From the opening track ‘Be Free’ the years fell away from me and once again I was the wide-eyed youth who could not believe such a soundscape was possible having been brought up on rock and pop diet of guitars and verse-chorus-middle eight. ‘Be Free’ is a terse introduction to 2020 Cabaret Voltaire with an electronic scream and repeated phrases: “Be free”, “the city is falling apart” and “Where is your place in this world?” over the electronic rumba of the drum machine. Being ‘free’ seems ironic in this instance, like opening the cage door for a bird when the cat is sitting licking its lips. ‘The Power of Knowledge’ has a harsh train-like drum pattern and hyper-reverbed vocal lines and, like many of the tracks on this album, has pockets of sounds that fly in and out; sometimes obscured in the mix and, at others, full of warm, crystal clear pops and swells like finding a sweet in a bowl of nails. There’s the treated voice of ‘Night Of The Jackal’, the juddering Orwellian Disco of ‘Microscopic Flesh Fragment’, the positively upbeat menace of ‘Papa Nine Zero Delta United’ (referring to a gun of the same name?) and the urgent pulse of ‘Universal Energy’. Penultimate track ‘Vasto’ is one of the standouts with its slow build to a stomping beat and catchy vocal hook and it would work perfectly as the soundtrack to a modern dance piece and it leaves us with ‘What’s Going On’ to close, a melding of what feels like slowed-down Blaxploitation soundtracks coupled with waves of sound frequencies passing through us.

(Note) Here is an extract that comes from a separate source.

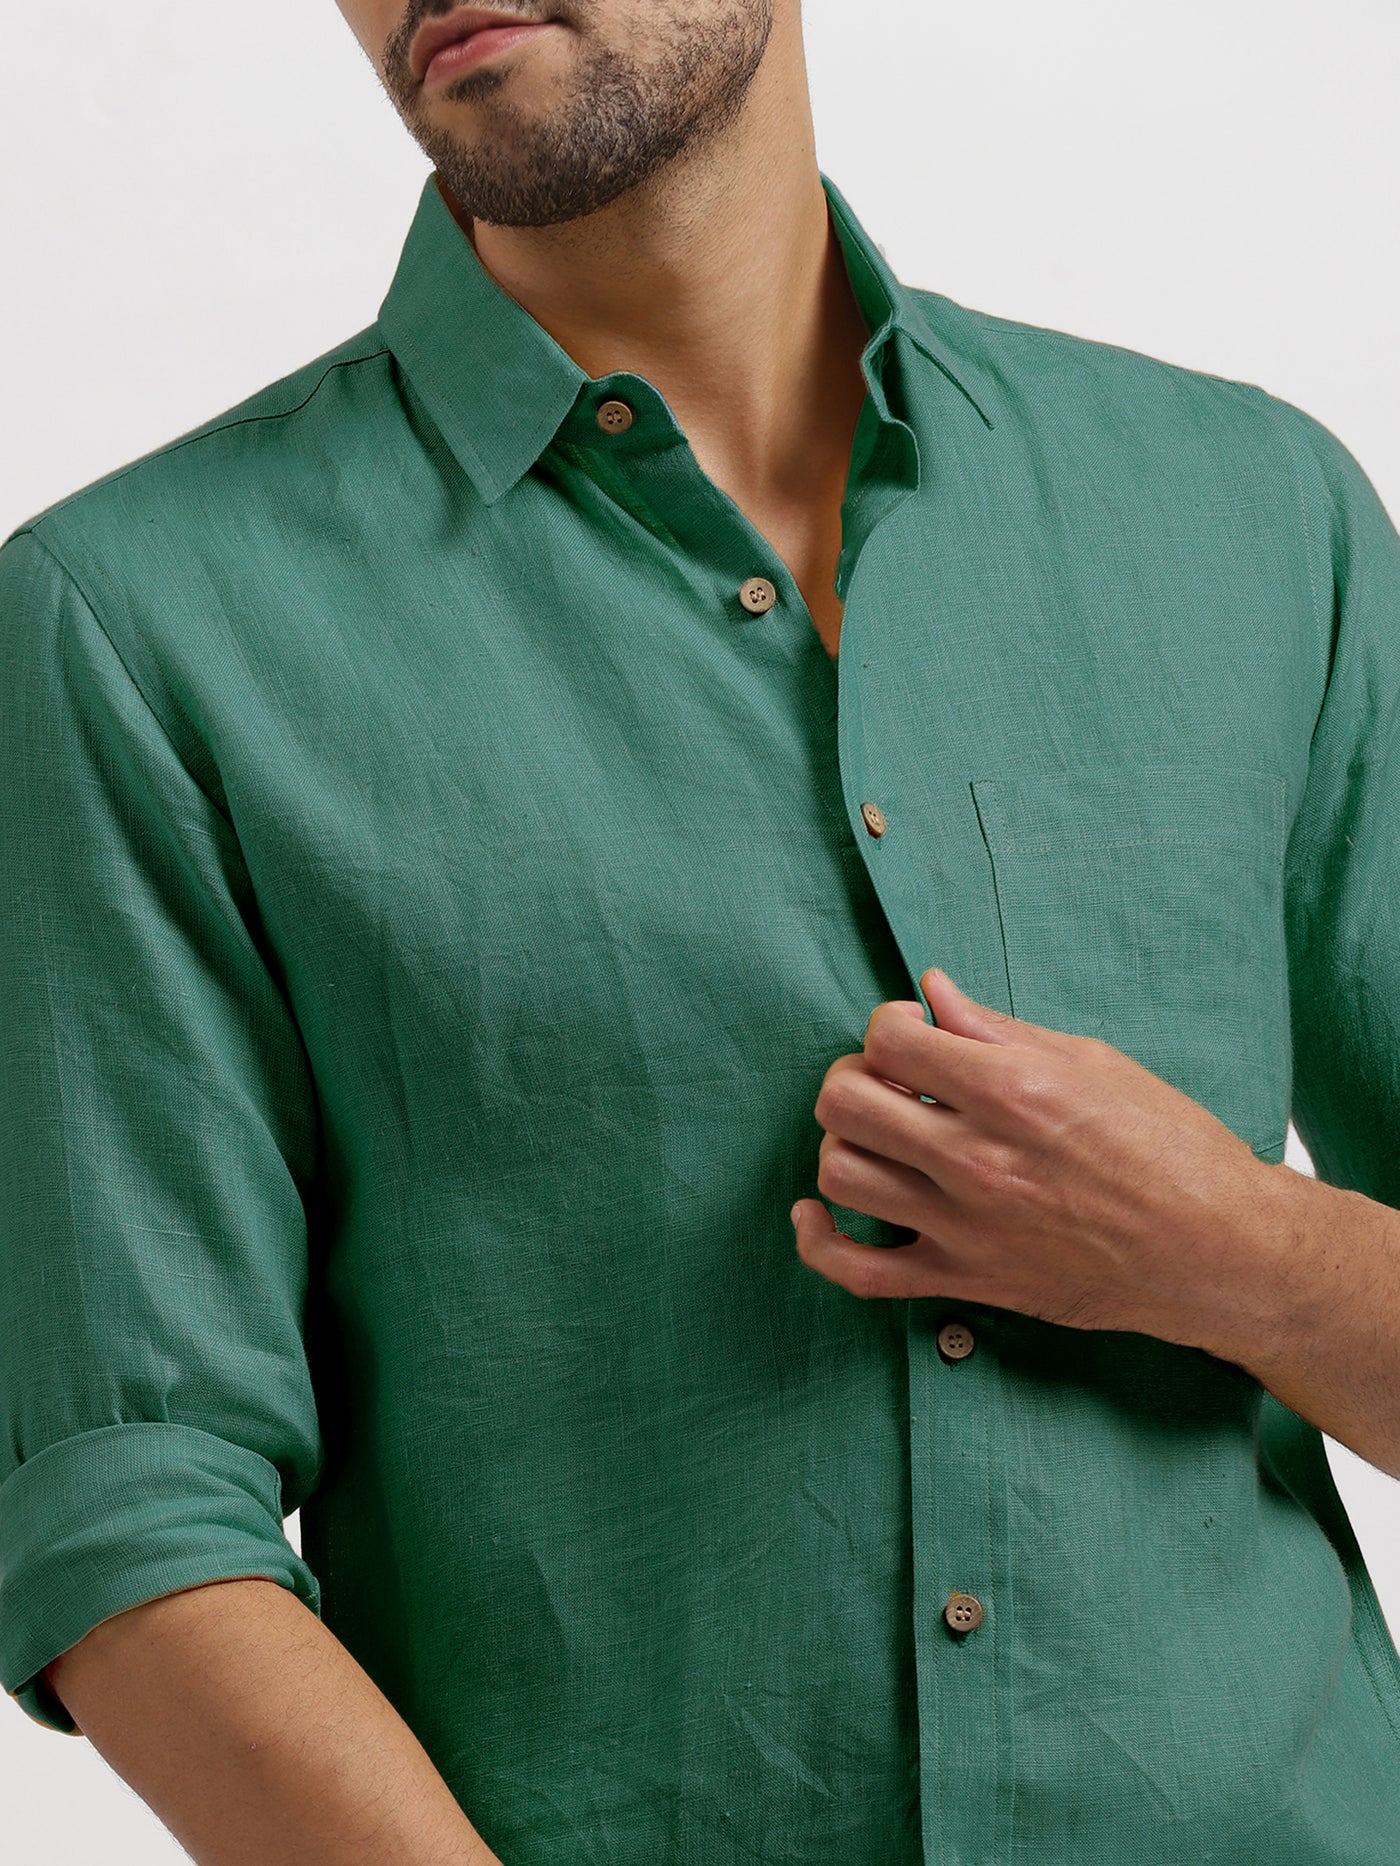 Harvey - Pure Linen Full Sleeve Shirt - Teal Green
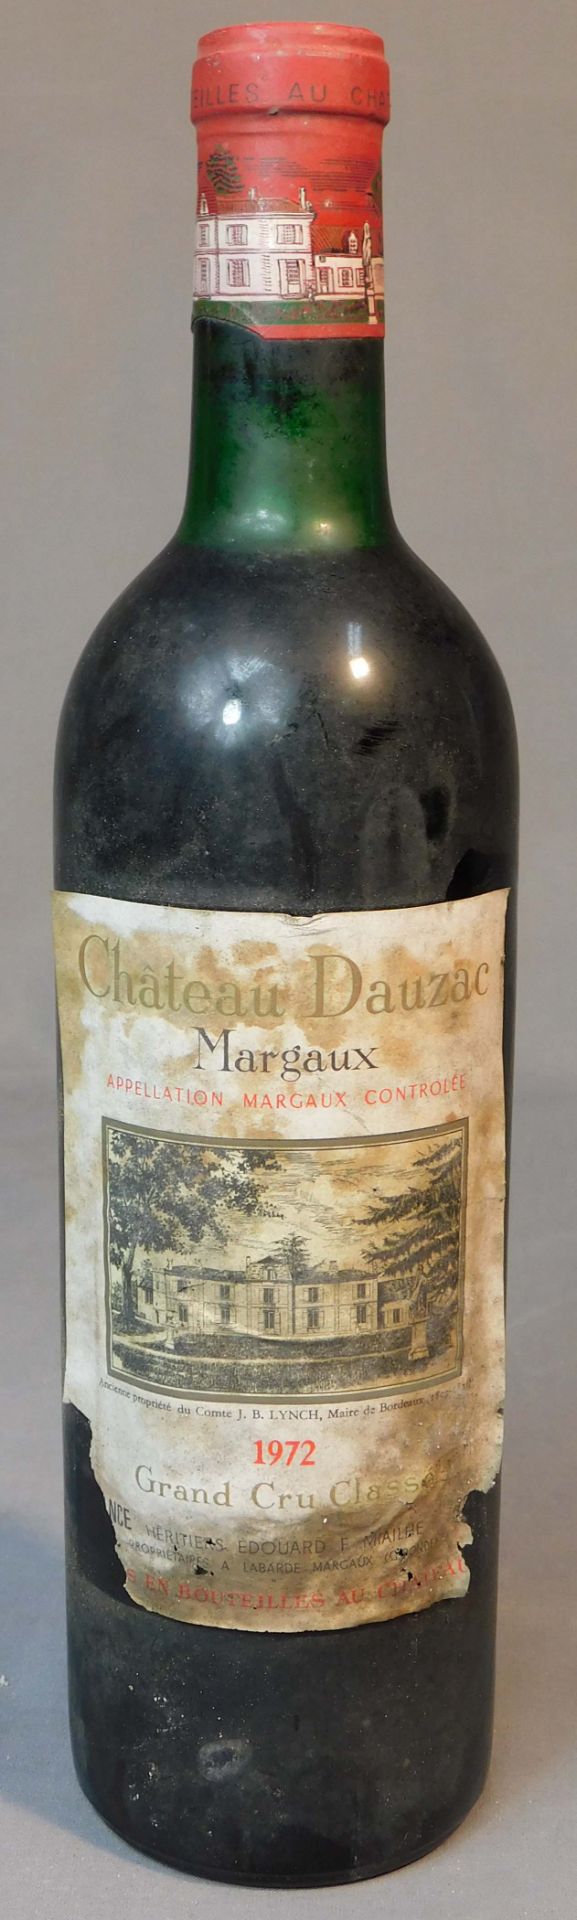 3 Flaschen Bordeaux Grand Cru Classé. Rotwein Frankreich. - Image 5 of 18

Cabaret Voltaire can still conjure up a sense of paranoia and, in the wrong hands, the tracks on Shadow of Fear could be employed in a Manchurian Candidate-style experiment through Kirk’s masterful use of repetition, repetition, repetition. Any sense of dread or resigned detachment in the current state of a world full of disruption, disharmony and dejection is captured on the inner-city dub feel, and near-documentary sensibility, that Shadow of Fear conveys and Richard H Kirk has drawn from his electronic legacy to bring us new music that balances on edge of a cutthroat razor. This is a CCTV camera on fire forever.